About this exercise |
Please reproduce the data exactly and omit the pictures.
=== Available data ===
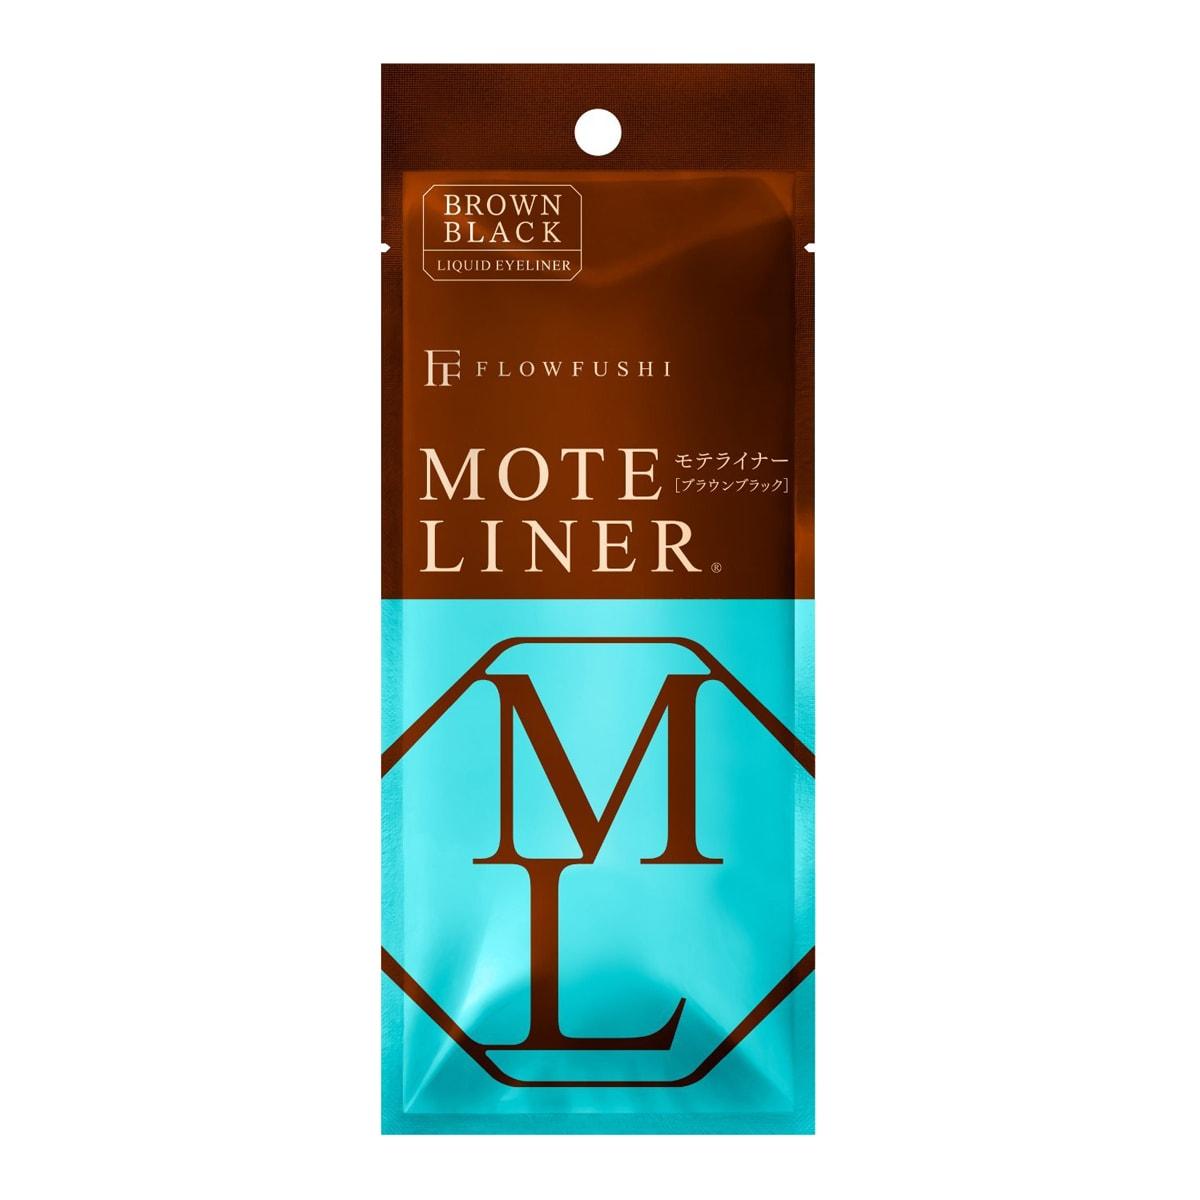 FLOWFUSHI MOTE LINER Liquid Eyeliner #BrownBlack 0.55ml
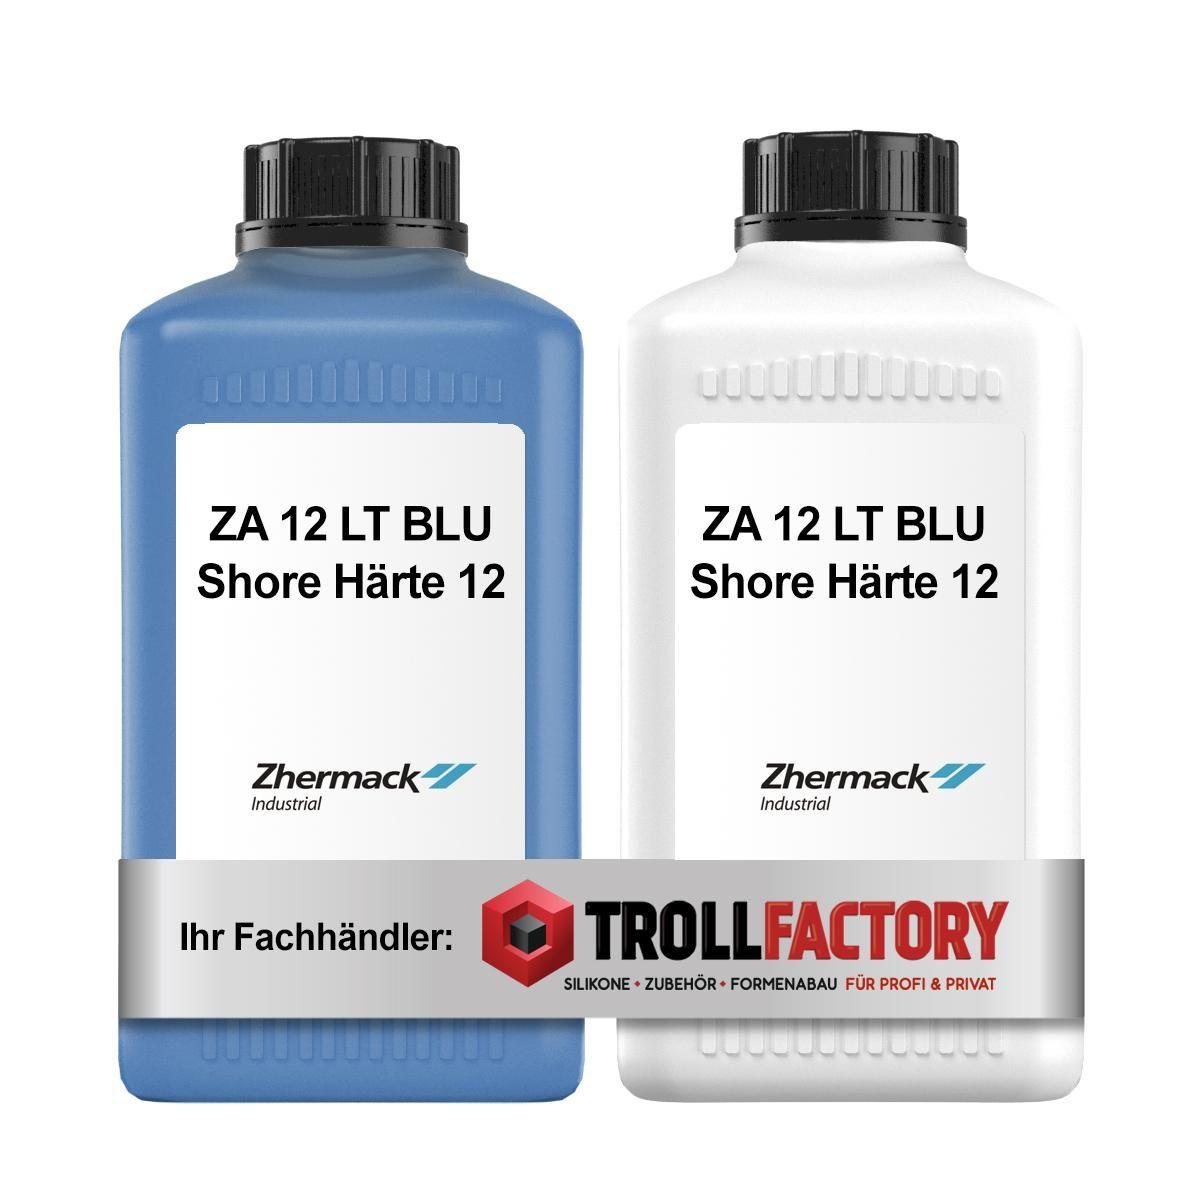 Zhermack Silikon Kautschuk ZA 12 LT BLU Shore Härte 12 - Größe: 2kg (2x1kg)
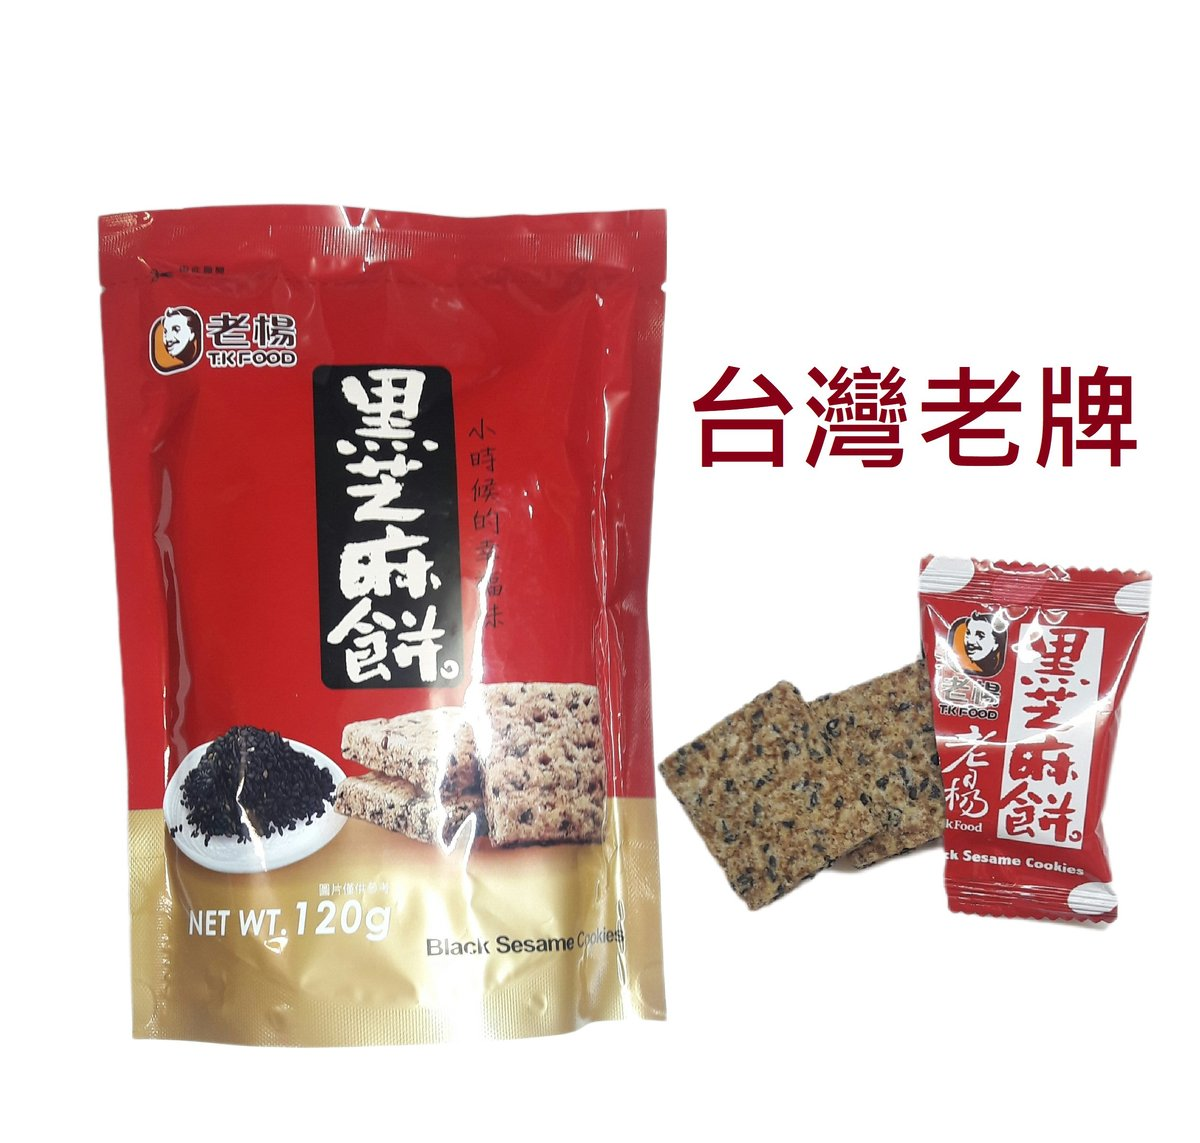 Taiwan Black Sesame Cookie (120g)
===
Solution to the exercise |
 FLOWFUSHI MOTE LINER Liquid Eyeliner #BrownBlack 0.55ml
 Zhermack Silikon Kautschuk ZA 12 LT BLU Shore Härte 12 - Größe: 2kg (2x1kg)
 Taiwan Black Sesame Cookie (120g)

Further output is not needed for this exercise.